CalArts Graduations 

In the past 50 years CalArts has been known for its “epic” graduation ceremonies. Ushers at graduation exercises have been known to hand out whistles and jars of soap bubbles.  

Roitstein said in the early years of CalArts there are many stories of “legendary graduations and they were pretty much all true, none were exaggerated or untrue.” 

Roitstein’s favorite graduation story is when Bob Fitzpatrick, president of CalArts from 1974 to 1987, was “kidnaped” by a group of students who put him on a helicopter and flew him “way up on I-5 near Frazier Park.” 

Fitzpatrick was wearing an “expensive, crisp, white linen suit” that had become smeared with fake blood during another graduation stunt. 

“He hitchhiked back to CalArts in a ‘blood-stained white linen suit,’” said Roitstein. “He made it back by the end of commencement.
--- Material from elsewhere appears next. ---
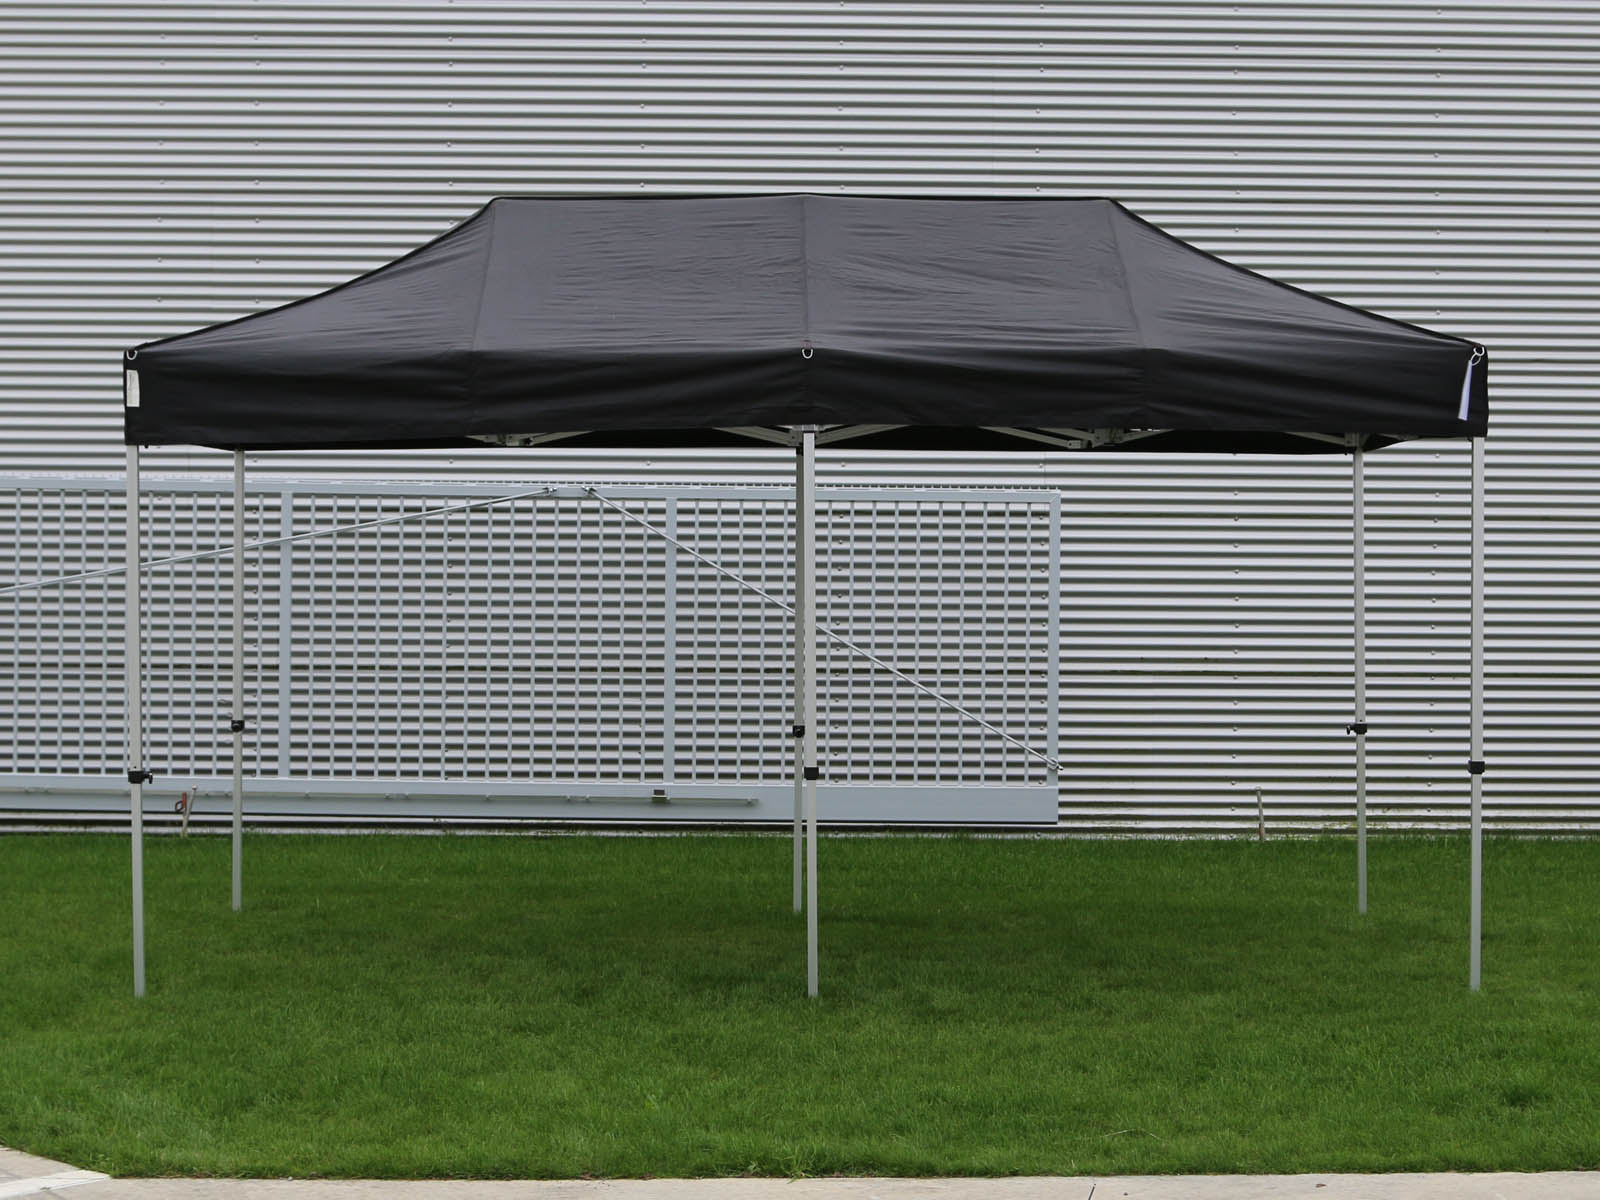 stevige plooibare partytent kopen beste prijs kwaliteit 2 5x5 aluminium polyester. Black Bedroom Furniture Sets. Home Design Ideas

I could tell you a 100 graduation stories but that one is in a class by itself.” 


A 50th anniversary kickoff celebration was held Oct. 13 with a cake cutting ceremony and party.  

Like many celebrations during the COVID-19 pandemic, the CalArts 50th anniversary was pushed into its 51st year.  

“In November 2021 they weren’t letting us gather here because of the pandemic,” said Rajan. “We are kicking off now to bookend our 50th year.”  

Events include an alumni reunion and the World Music Festival in April, 2023.  

“This is really going to be a ‘happening,’” said Marylou Ferry, vice president CalArts Marketing and Communications. “We will have our alumni back, the community, our past employees.” 

Rajan said he wants everyone to celebrate with CalArts. 

“In typical CalArts fashion we can’t just have one celebration. It will be a three-day marathon celebration,” he said. “We will have numerous performances.”